Based on our discussion in the comments, let's try stacked bars and facets. I think it works but you can decide for yourself.

The stacked bar has the advantage of showing both proportions and total count in the same bar. To compare years, a facet grid places years in rows, so the eye can scan downwards to compare the same age in different years. Note that I kept age as a continuous variable here, rather than a factor.

library(dplyr)
library(ggplot2)
data30g %>% 
  count(yy, sex, age) %>% 
  ggplot(aes(age, n)) + 
    geom_col(aes(fill = sex)) + 
    facet_grid(yy ~ .) + 
    theme_bw() + 
    scale_fill_manual(values = c("#000000", "#cccccc"))

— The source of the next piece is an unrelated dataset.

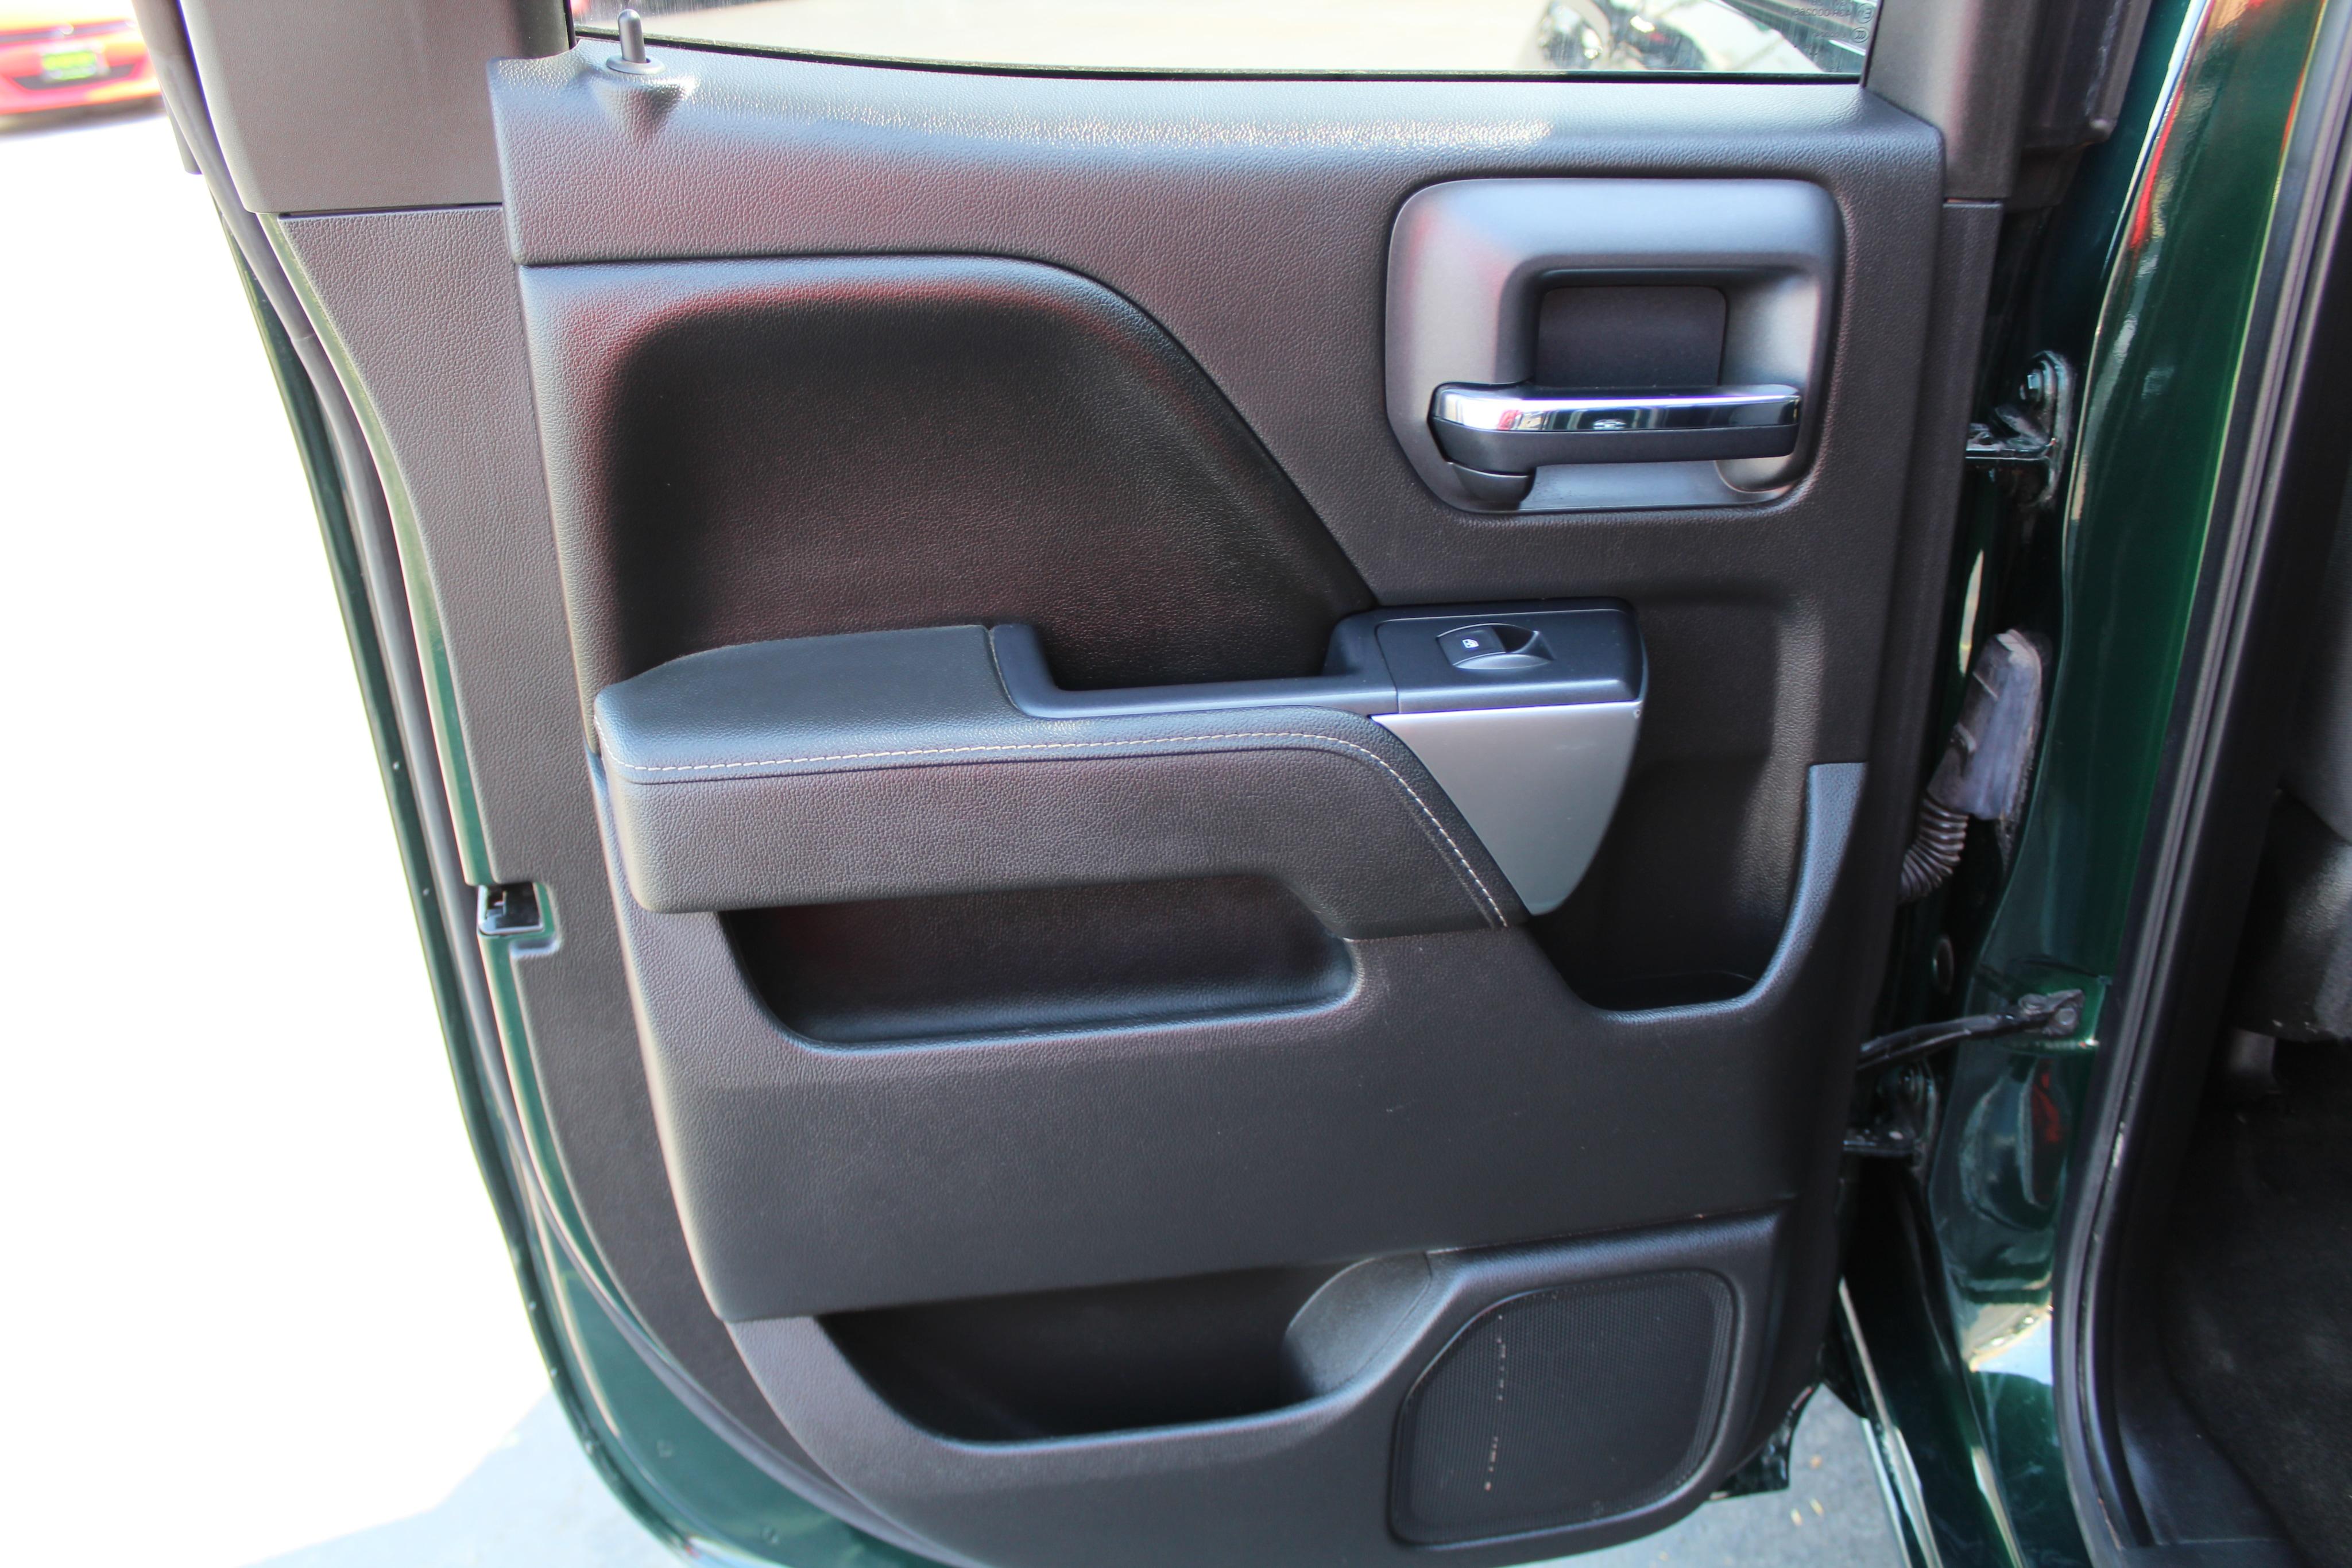 2015 Chevrolet Silverado 1500 Extended Cab Pickup

enter image description here

Not bad - I can see straight away, for example, an increase in both total and female count at age 30 over time, but perhaps a little small and crowded.

We can use a facet wrap instead of a grid to make the bars clearer, but at the expense of quick visual comparison across years.

data30g %>% 
  count(yy, sex, age) %>% 
  ggplot(aes(age, n)) + 
    geom_col(aes(fill = sex)) + 
    facet_wrap(~yy, ncol = 2) + 
    theme_bw() + 
    scale_fill_manual(values = c("#000000", "#cccccc"))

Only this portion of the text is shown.